Devo Waterfowl said:


> yeah I understand that but when it goes from the fact that the way that they did it with the movie in the way that they did it with the anime it just didn't look right because if they did it the way that they did it in the manga first then there wouldn't be any problems but the way that they did it with that type of art style it was very ugly and very disgusting and I'm not talking about the door I'm talking about the way that it was animated. Think about the art style and think about the way that it was done.


Go Nagai's and Toei's art designs too outdated for an American audience to enjoy and it could netfix's shitty budget.


----------



## Devo Waterfowl (Feb 17, 2019)

I don't think that that's the case because literally anyone who talks about Devilman they think of those old school 70s movies as the outdated this is not the problem what is the problem is the fact that the Netflix version made the old school versions of Devilman look like godhood. Because seriously what if they did the same thing with Spawn from HBO? or if they did the same thing with Dragon Ball Z or they did the same thing with any other show that has a following behind? Everybody would be pissed because Netflix small budget is terrible.


----------



## Imperial Impact (Feb 17, 2019)

Devo Waterfowl said:


> I don't think that that's the case because literally anyone who talks about Devilman they think of those old school 70s movies as the outdated this is not the problem what is the problem is the fact that the Netflix version made the old school versions of Devilman look like godhood. Because seriously what if they did the same thing with Spawn from HBO? or if they did the same thing with Dragon Ball Z or they did the same thing with any other show that has a following behind? Everybody would be pissed because Netflix small budget is terrible.
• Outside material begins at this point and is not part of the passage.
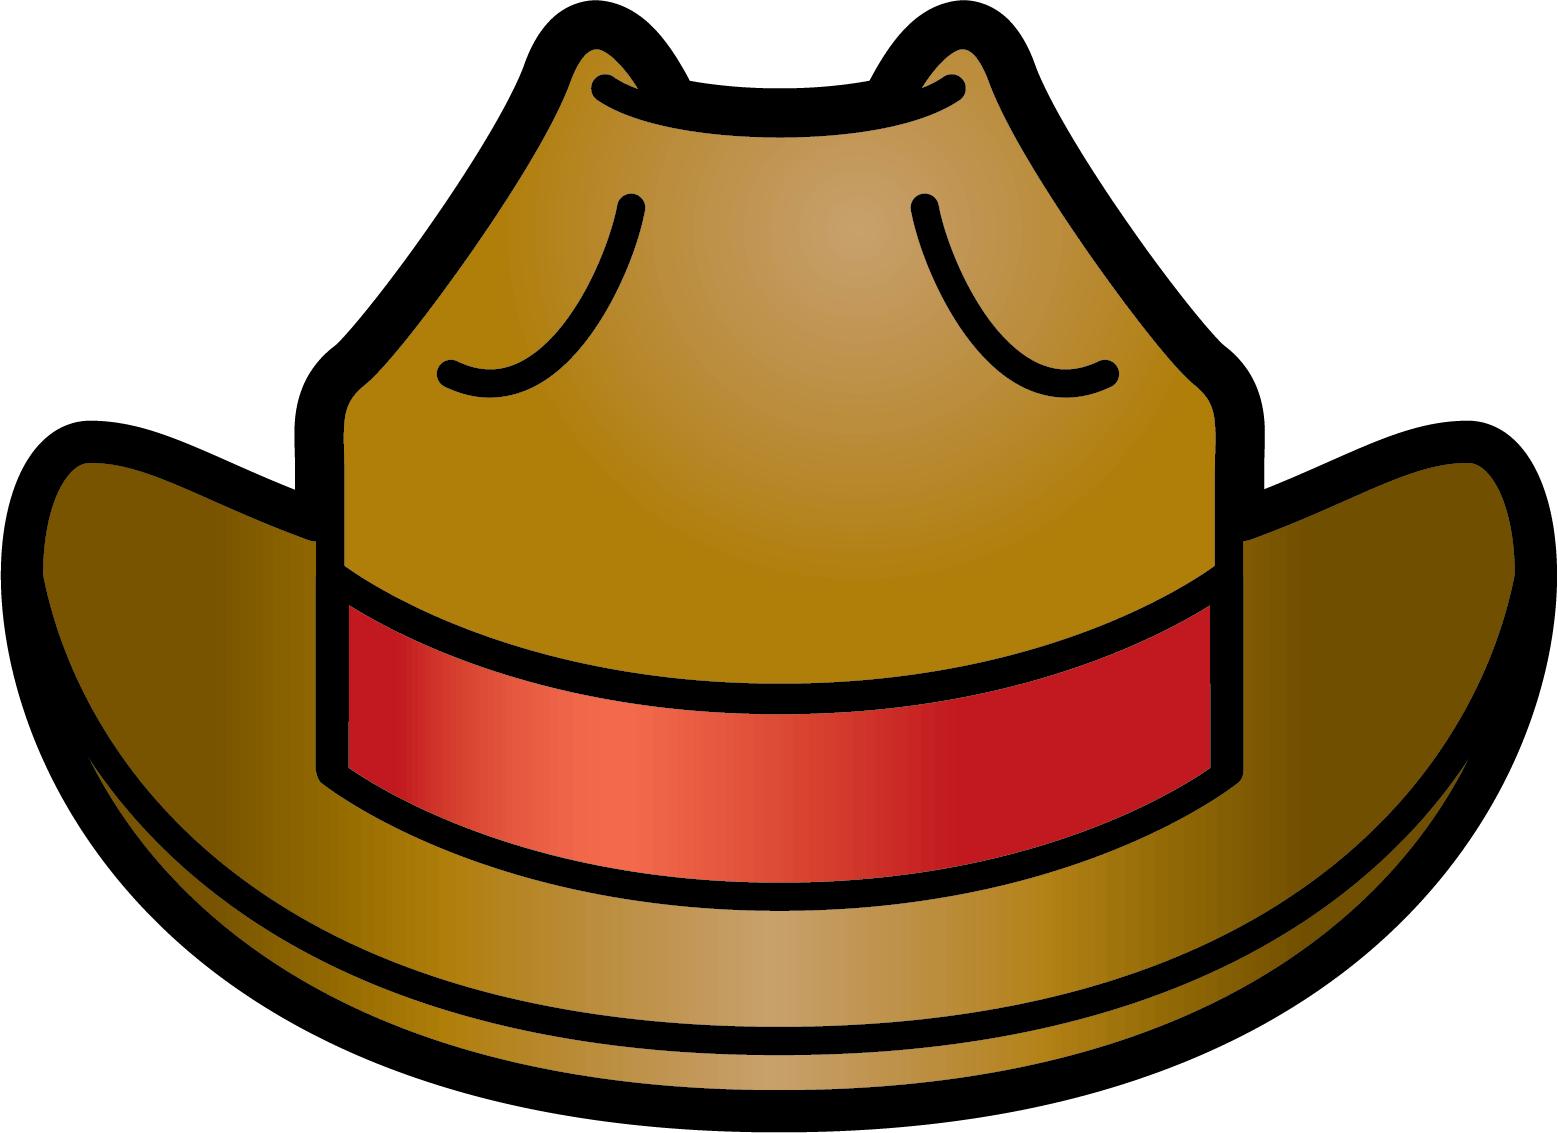 Hats Clipart.

What 70's movie? The only 70's movie is Mazinger Z vs. Devilman, A crossover.


----------



## Troj (Feb 17, 2019)

The art style was interesting, the underlying ideas were intriguing and relevant, execution was definitely uneven, the characterization was awkward and melodramatic, and that club scene was, um, hot.


----------



## Devo Waterfowl (Feb 17, 2019)

I'm talking about the Amon one


----------



## Imperial Impact (Feb 17, 2019)

Devo Waterfowl said:


> I'm talking about the Amon one


Yeah, That's not the Toei one.


----------



## Devo Waterfowl (Feb 17, 2019)

This one is literally the most badass one and when it comes to Devilman crybaby it is not even in the top 10 versions of Devilman. Even cutie honey is on this list just because of the crossover.


----------



## Imperial Impact (Feb 17, 2019)

Amon is a re-imagining of the last chapters of the original manga, Which again, It's is own thing.


----------